I have been playing around with beat detection, because two games that I have been working on would really benefit from having strong beat detection. I think I’m on to something with this one (maybe), so I’ll post my methods and results here. I don’t have any schoolin’ in fourier analysis, so things I’m doing may seem naive to the experienced fouriereer. If you’re one of these, please please please point me in the right direction.

I came up with this algorithm on the bus to school this morning. When I got home I couldn’t wait to try it on some real data with Mathematica. I describe my findings here:

I started with this 5-second sound sample (sorry about the WAViness… that’s the format I loaded it in as). It’s an excerpt from Rachmaninoff’s symphonic dances, which I chose because it has a wide frequency spectrum but is still very rhythmic. Mathematica plots the samples like so:

In[1]:= wav = Import["symphonic_dances_fourier_field.wav"]; In[2]:= samples = wav[[1,1]]; In[3]:= ListPlot[samples]

Listen to the sample and notice how you can see the beats in the wave. These are raw intensity, and these are what a naive detector would use to pick the beats out. This example isn’t good enough to tell if my beat detector is any better than naive.

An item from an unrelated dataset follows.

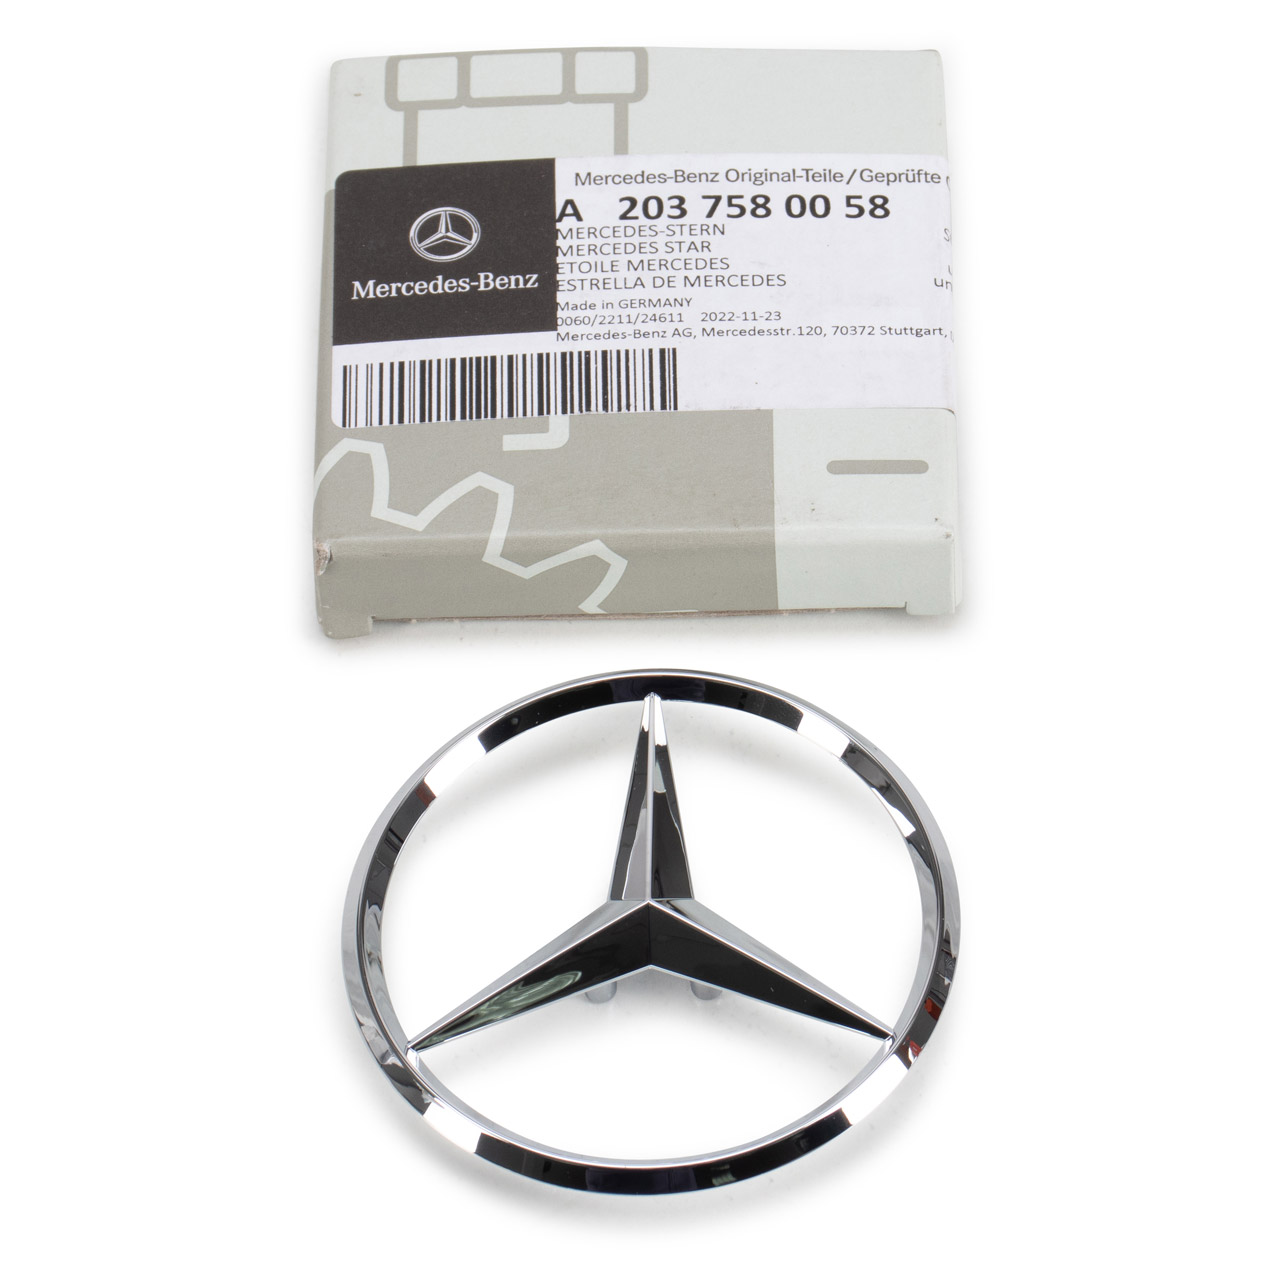 ORIGINAL Mercedes-Benz Emblem Motorhaube C205 S205 W212 W213 V167 W176 vorne 2037580058

Next I compute the “fourier field” of a particular window size, in this case 8192 samples (about 0.18 seconds). This takes successive windows at a given step (in this case 256 samples) and computes their fourier transforms, and sticks it in a two-dimensional array indexed by [time; frequency]. Here’s the code:

In[4]:= fourierfieldtime[data_, window_, time_] := Fourier[data[[Range[time-window, time+window-1] ]] ] In[5]:= fourierfield[data_, window_, step_] := Table[fourierfieldtime[data, window, i], {i, window+1, Length[data]-window, step}] In[6]:= field = fourierfield[samples, 4096, 256]; In[7]:= ListDensityPlot[Abs[field], Mesh -> False]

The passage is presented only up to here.